There are 22 municipalities in the North West province, 18 are local while 4 are district municipalities.
All of them are reported to be dysfunctional. This as they could not render proper basic services to their communities.
Political infighting among councillors, the appointment of alleged incompetent senior officials, fraud and corruption are believed to be the main contributory factors for the non-performance in these municipalities.
While visiting the North West recently, ANC Secretary General Ace Magashule conceded that there are problems.
“There are challenges in terms of service delivery and that is why we are not blaming anybody. We are here to reinforce the work done by the Provincial Executive Committee, the IPC, our municipalities and we are going to strengthen them and work with them to ensure that we accelerate quality delivery of services.”
Premier Job Mokgoro is also worried about the abuse of scarce resources.
“Our municipalities in terms of service delivery leave much to be desired. Many of our municipalities appear to be a serious abuse of the scarce resources that we should be using for the betterment of our communities, especially the most marginalised communities. So, that is one area that really needs intervention. The infighting, especially as it happens amongst leaders as it happens among councillors, is another aspect that is very shocking.”
The newly-appointed MEC for Cooperative Governance, Human Settlements and Traditional Affairs, Mmoloki Cwaile, says his administration has put plans in place to turn around the situation.
“We want financial stability to be established at the level of municipalities. We need administrative stability in terms of filing of key positions. We need the municipalities to start with their mid-year AFS draft because we want to make sure that we get improved audit outcomes.

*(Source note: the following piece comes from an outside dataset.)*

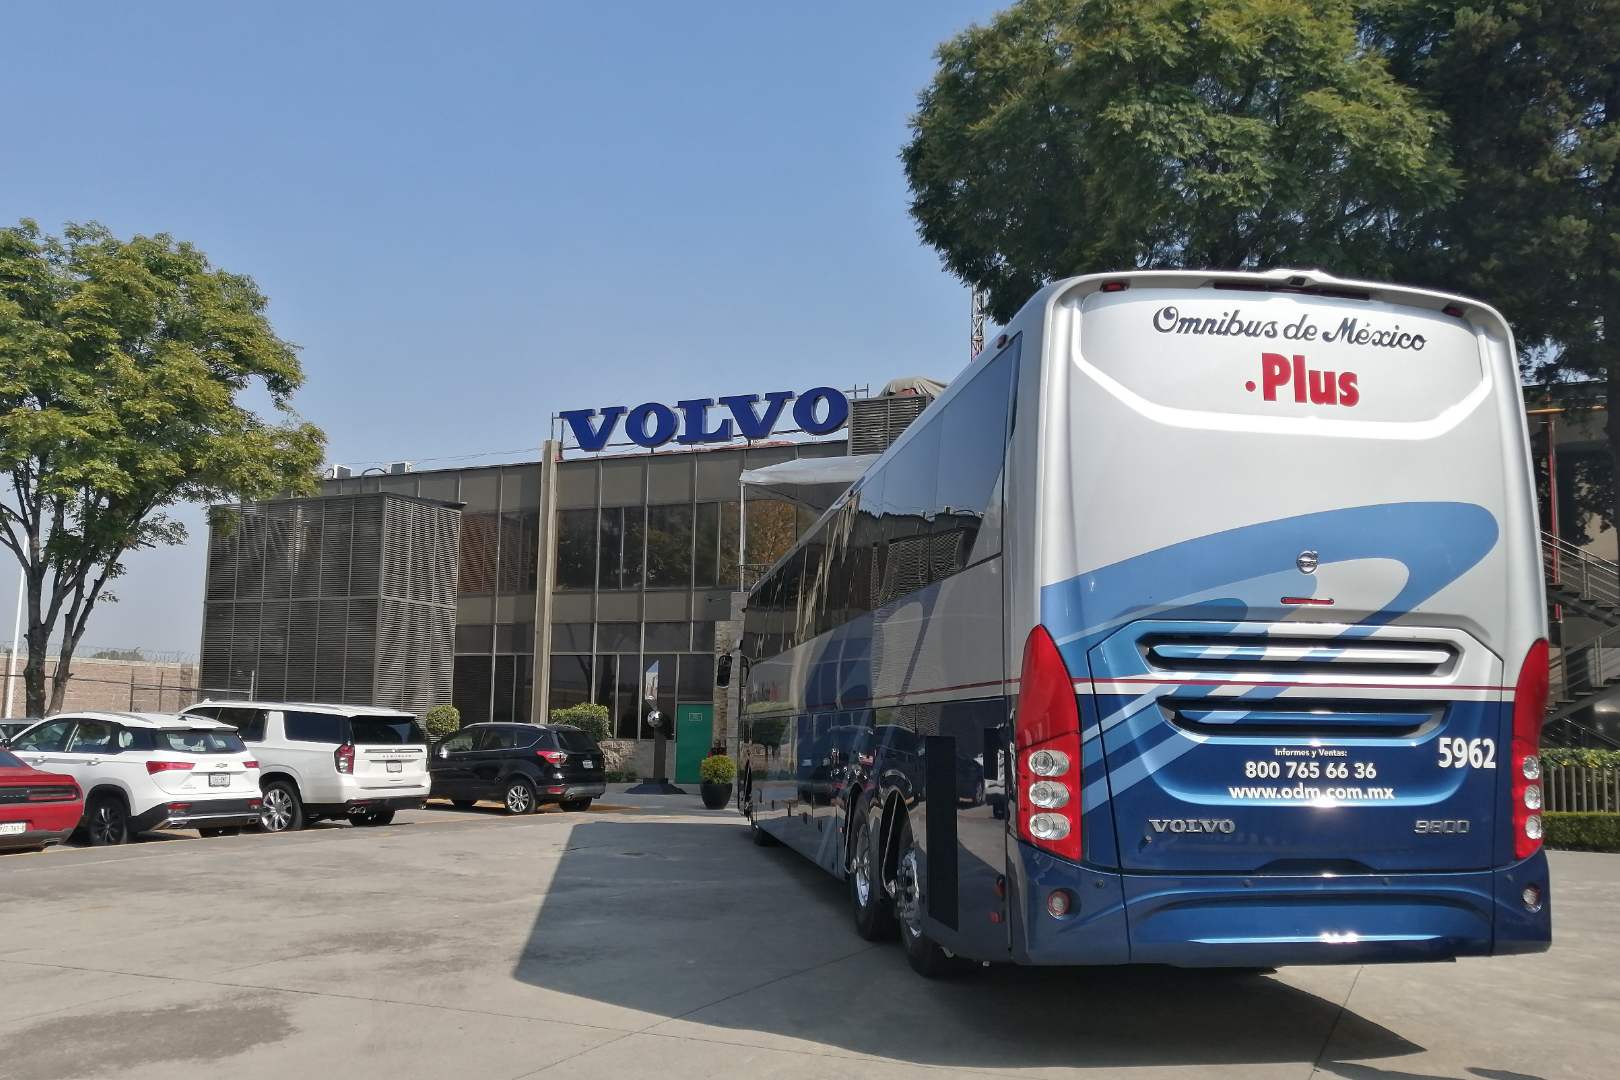 Volvo Buses, 24 años

But importantly, we have said we must improve on the planning and implementation of infrastructure.”
Cwaile did not mince his words as far as the appointment of incompetent officials is concerned.
“On the issue of those who are incompetent, we will make that assessment and where we have a person who is not meeting inherent requirements for the position we will make a redress, either by virtue of redeployment elsewhere, or invoking a disciplinary process to remove the person.”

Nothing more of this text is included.